Twilight: New Moon
The reddened interior of the Savoy cinema is a broth of hormones and anticipation as a few hundred school girls squeal piercingly as the curtains roll back for the preview screening of New Moon, the Twilight sequel. Security has been tight. All mobile phones and iPods have been confiscated on arrival and sealed in ziplock bags. That the film is on general release in 48 hours from then matters little to the stern protectors of this humungous cinema cash cow.
It was never going to work out between us and New Moon.

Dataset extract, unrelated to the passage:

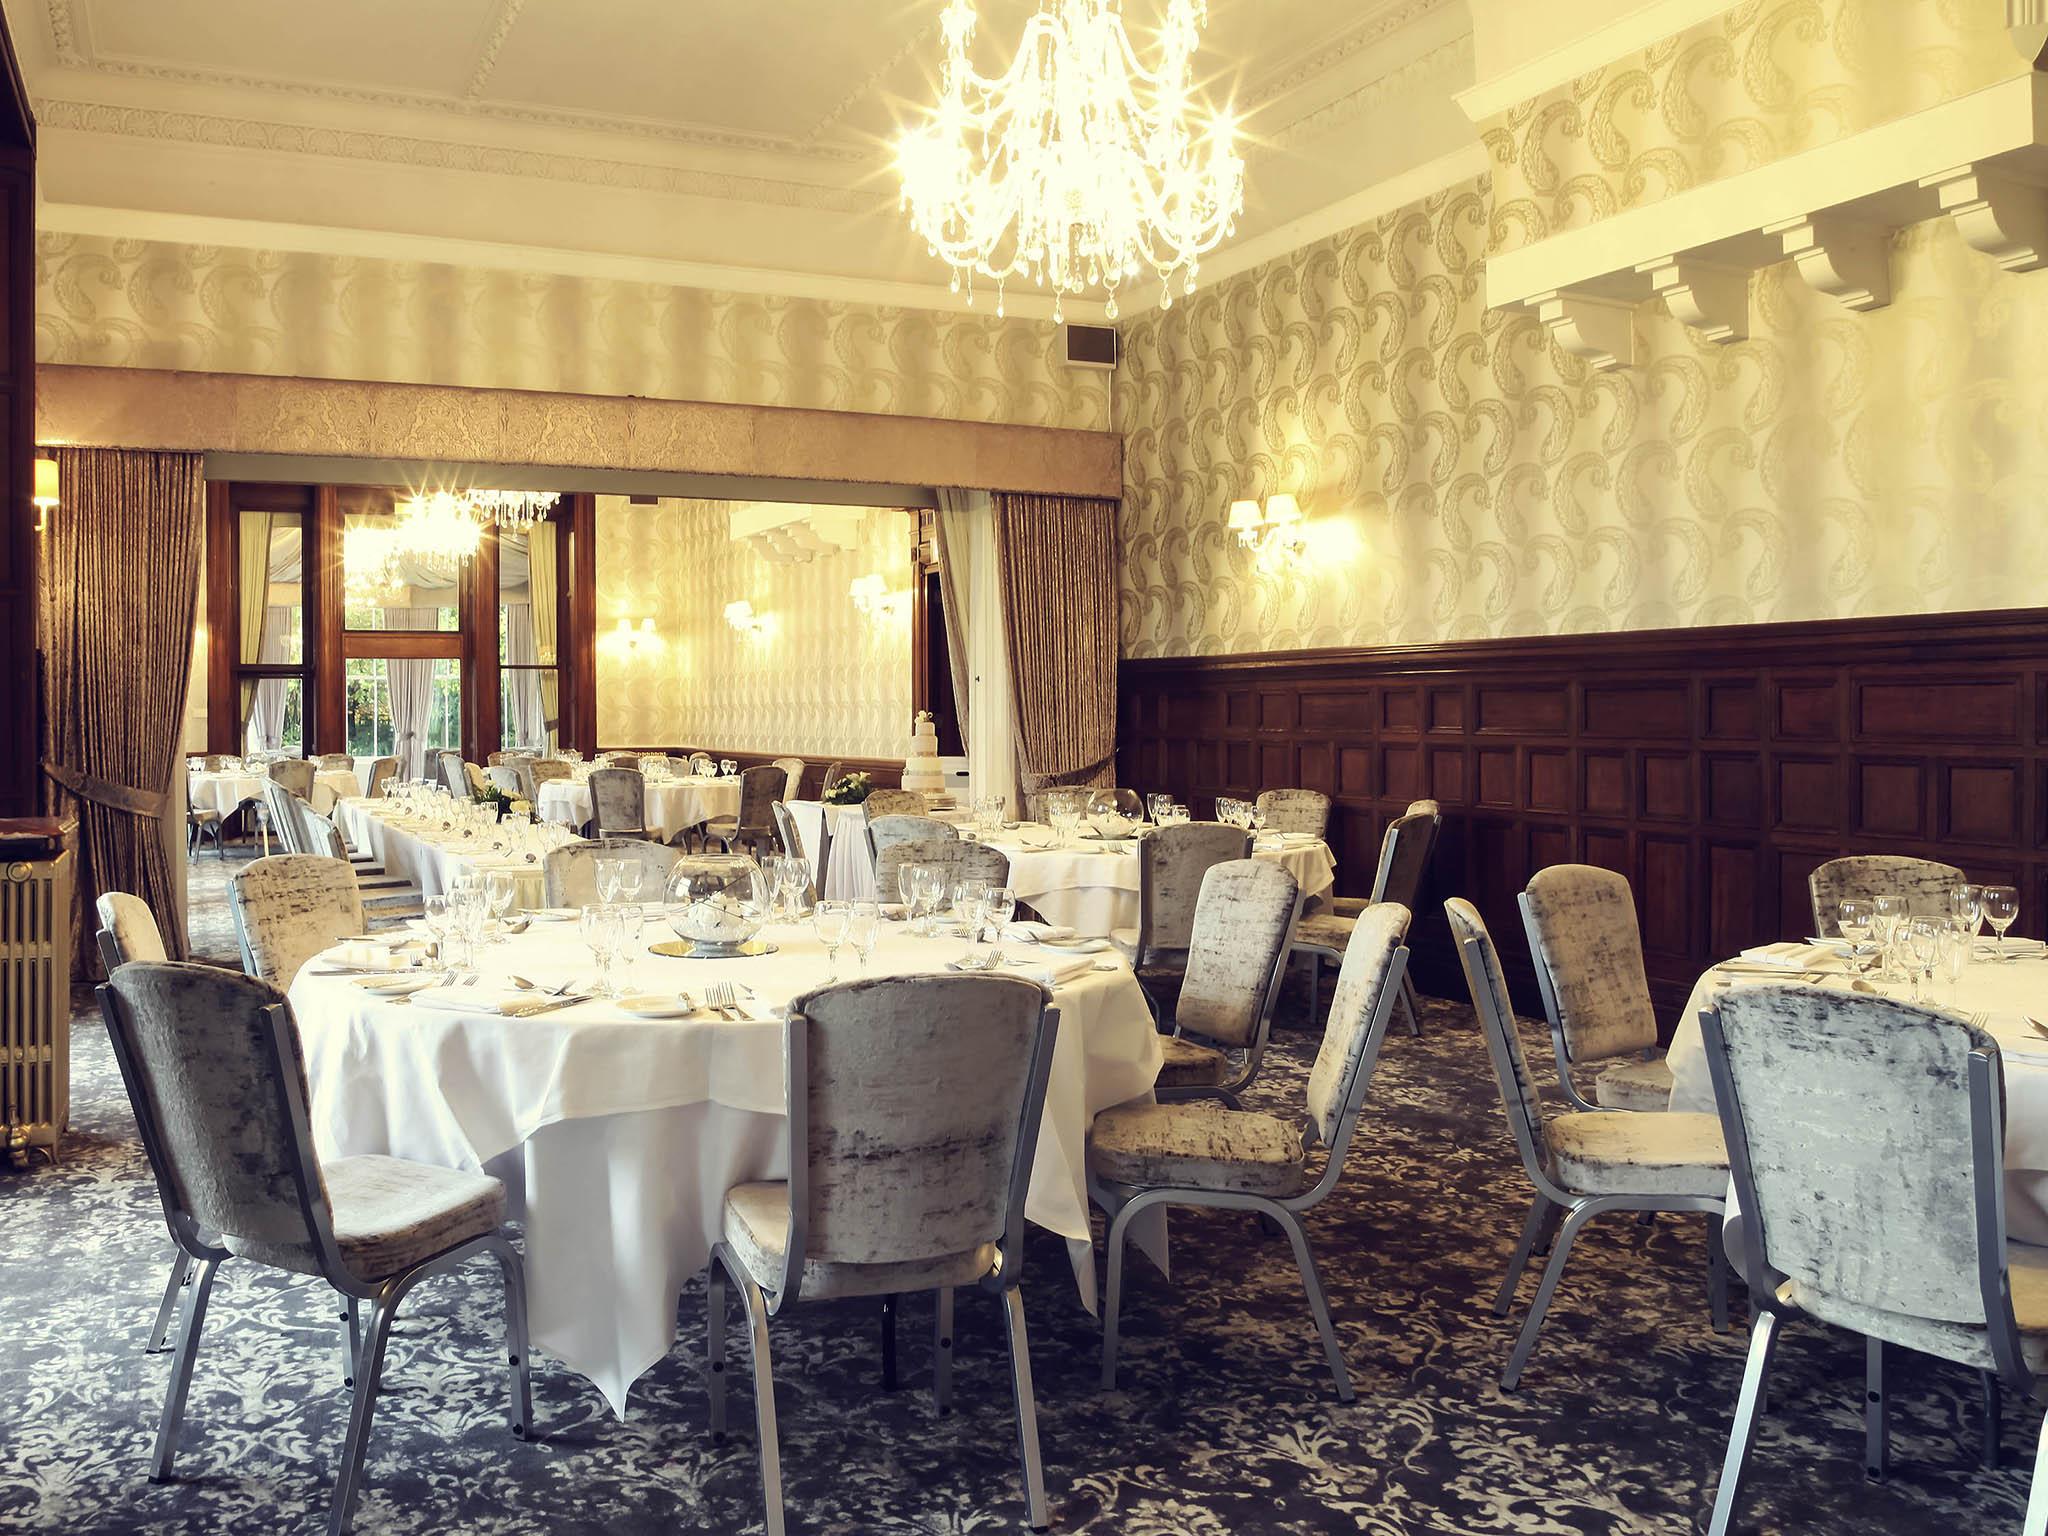 wedding chair covers burton on trent bean bag ikea mercure upon 4 star hotel in staffordshire weddings newton park

Perhaps State was at an immediate disadvantage by virtue of our age, chromosomes and orientation, but we were still stunned and impressed by how dreadful this sequel was. Its lack of atmosphere, style and any sense of gothic menace made its predecessor look like The Godfather. But where Twilight at least had some degree of dark, lustful ambience, New Moon is simply Dawson’s Creek with fangs. Already the series is being likened to the Harry Potter franchise, a comparison that must be based on the dire acting of its youthful charges and the systematic seduction of millions of young people and, vitally, their parents.
-Actors’ Robert Pattinson (looking like a slow-witted version of Batman’s Joker) and Taylor Lautner (or Taylor Six-Pack) are lantern-jawed bloodsucker Edward and dreamy werewolf Jacob, both vying for the attentions of the glum Bella (Kristen Stewart). Edward leaves Bella so as not to put her in danger and in steps Jacob Six-Pack to help take her mind off things. Bar some rubbish about an ancient committee of camp-ires (Michael Sheen disgraces himself) and a perennially shirtless werewolf gang, that’s all you really need to know. The script is piss-poor valley-girl logic (Bella: -So you’re a werewolf?’ Jacob Six-Pack: -Last time I checked.’), the special effects are sub-par for a film of this budget, and the need to cram naked male torsos and moody pretty-boy frowns into every shot verges on pornographic.
There are one or two mercies. The soundtrack – Bon Ivor, BRMC, Thom Yorke – is top-notch, and just audible over the sound of Bram Stoker spinning in his grave. Yorke’s eerie -Hearing Damage’ works wonders during the admittedly effective forest chase scene in the middle of the movie. But other than that, New Moon will be remembered either as harmless teen fluff or the final emasculating stake through the heart of what was once a sinister, dangerous and sexy area of popular mythology.